[[ PROVIDED DATA, beginning ]]

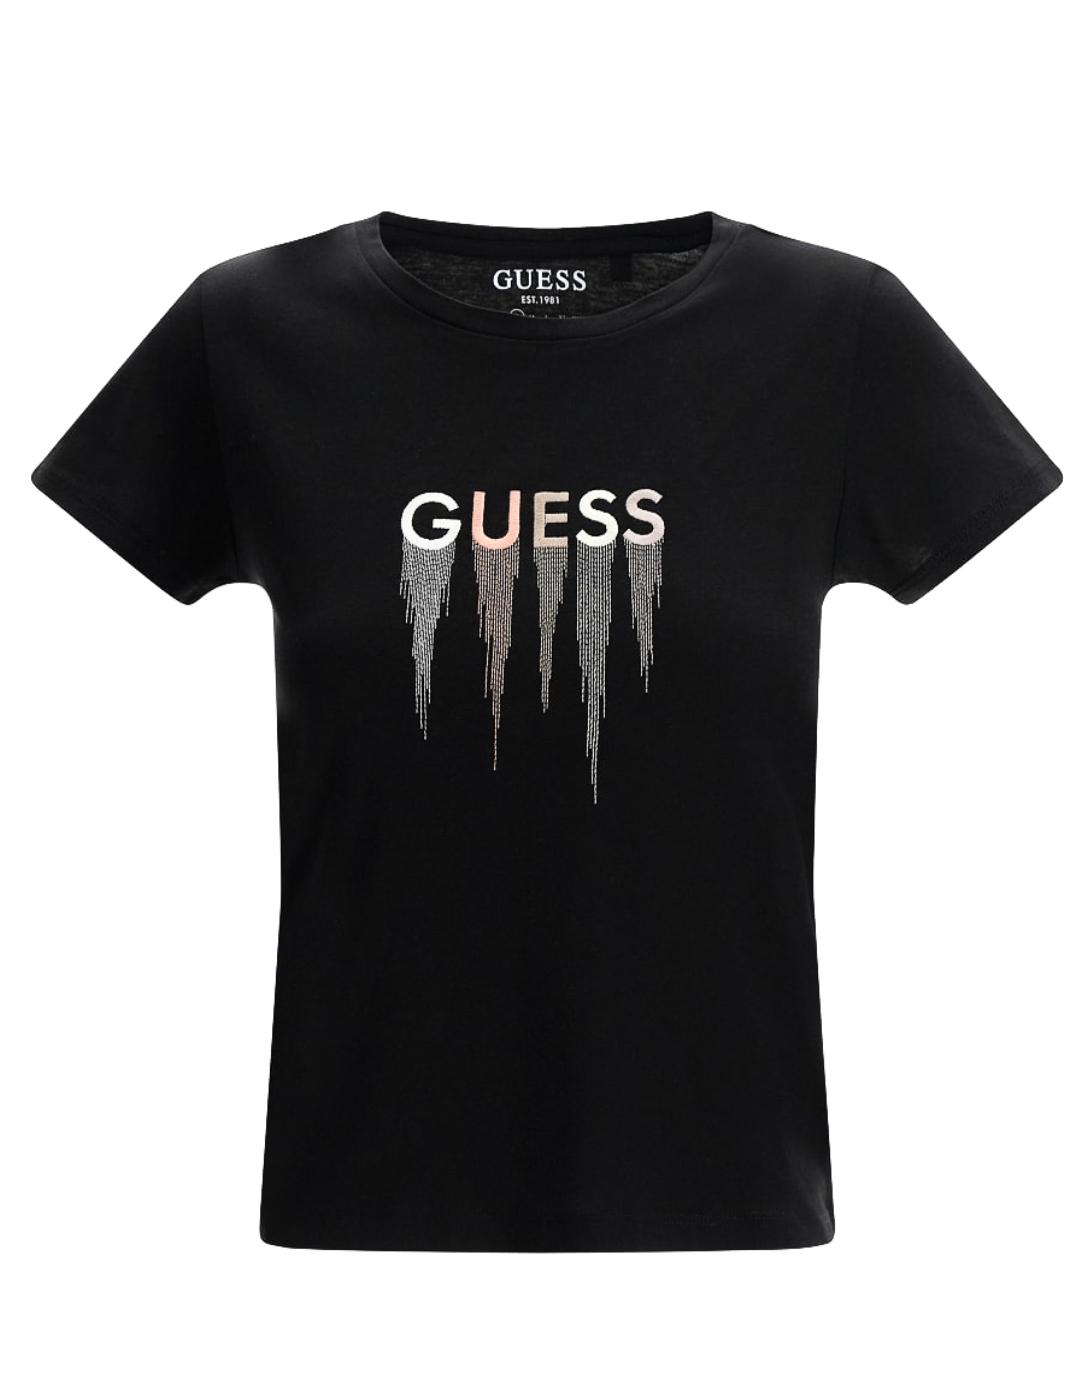 Camiseta Guess Waterfall negra para mujer-a
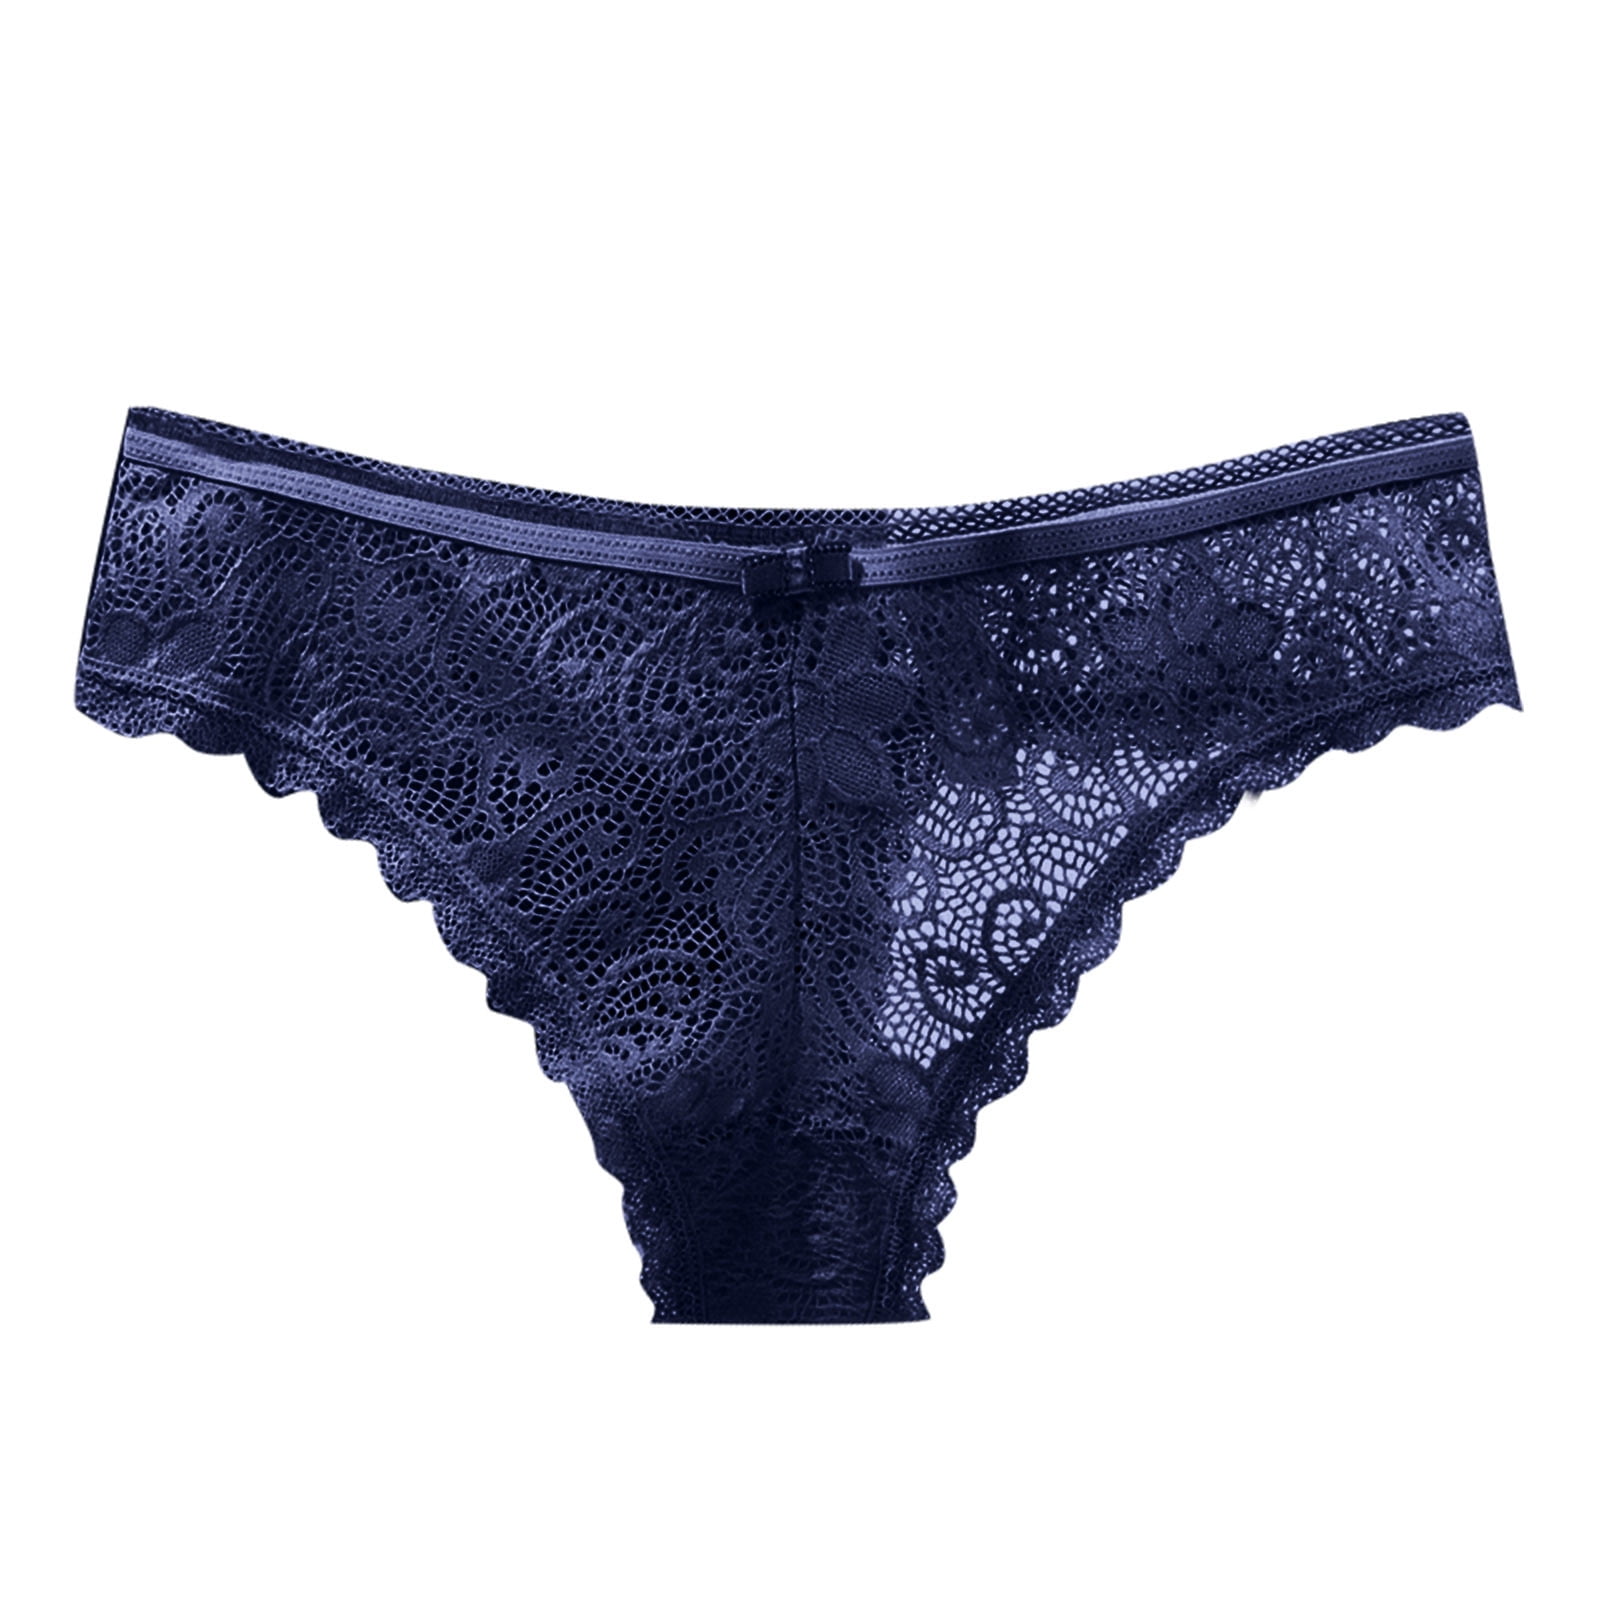 JDEFEG Boy Shorts Underwear For Women Plus Size 4X Fashion Lace Lingerie  Underwear Lace Pants Lace Waist Underwear Women Skirts Mid Length Under 15
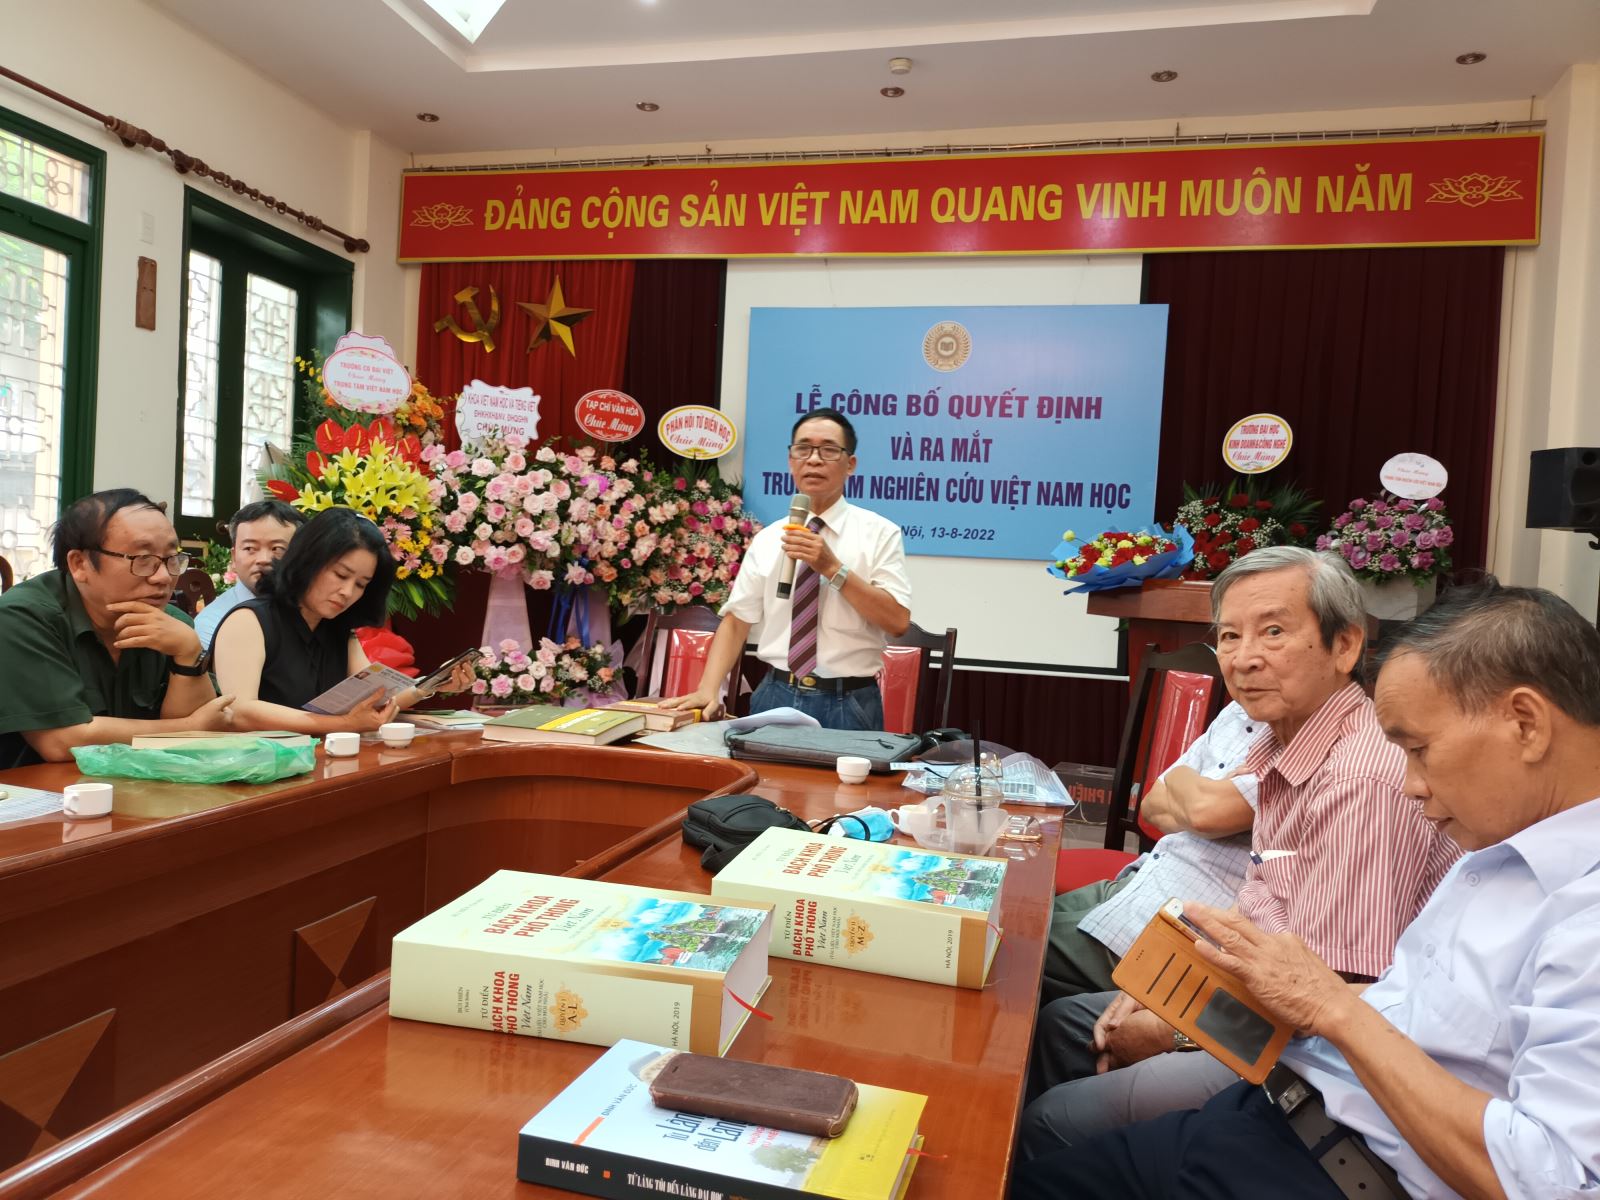 Sáng nay 13-8, tại Hà Nội, Trung tâm Nghiên cứu Việt Nam học (Viện Nghiên cứu Việt Nam học - thuộc Liên hiệp các Hội Khoa học và Kỹ thuật Việt Nam - VUSTA) đã chính thức ra mắt. Tới dự có đông đảo các nhà nghiên cứu khoa học, nhà văn, nhà báo…

[[ PROVIDED DATA, end ]]

The job is to return the listing above exactly, minus its pictures.

 Camiseta Guess Waterfall negra para mujer-a
 JDEFEG Boy Shorts Underwear For Women Plus Size 4X Fashion Lace Lingerie  Underwear Lace Pants Lace Waist Underwear Women Skirts Mid Length Under 15
 Sáng nay 13-8, tại Hà Nội, Trung tâm Nghiên cứu Việt Nam học (Viện Nghiên cứu Việt Nam học - thuộc Liên hiệp các Hội Khoa học và Kỹ thuật Việt Nam - VUSTA) đã chính thức ra mắt. Tới dự có đông đảo các nhà nghiên cứu khoa học, nhà văn, nhà báo…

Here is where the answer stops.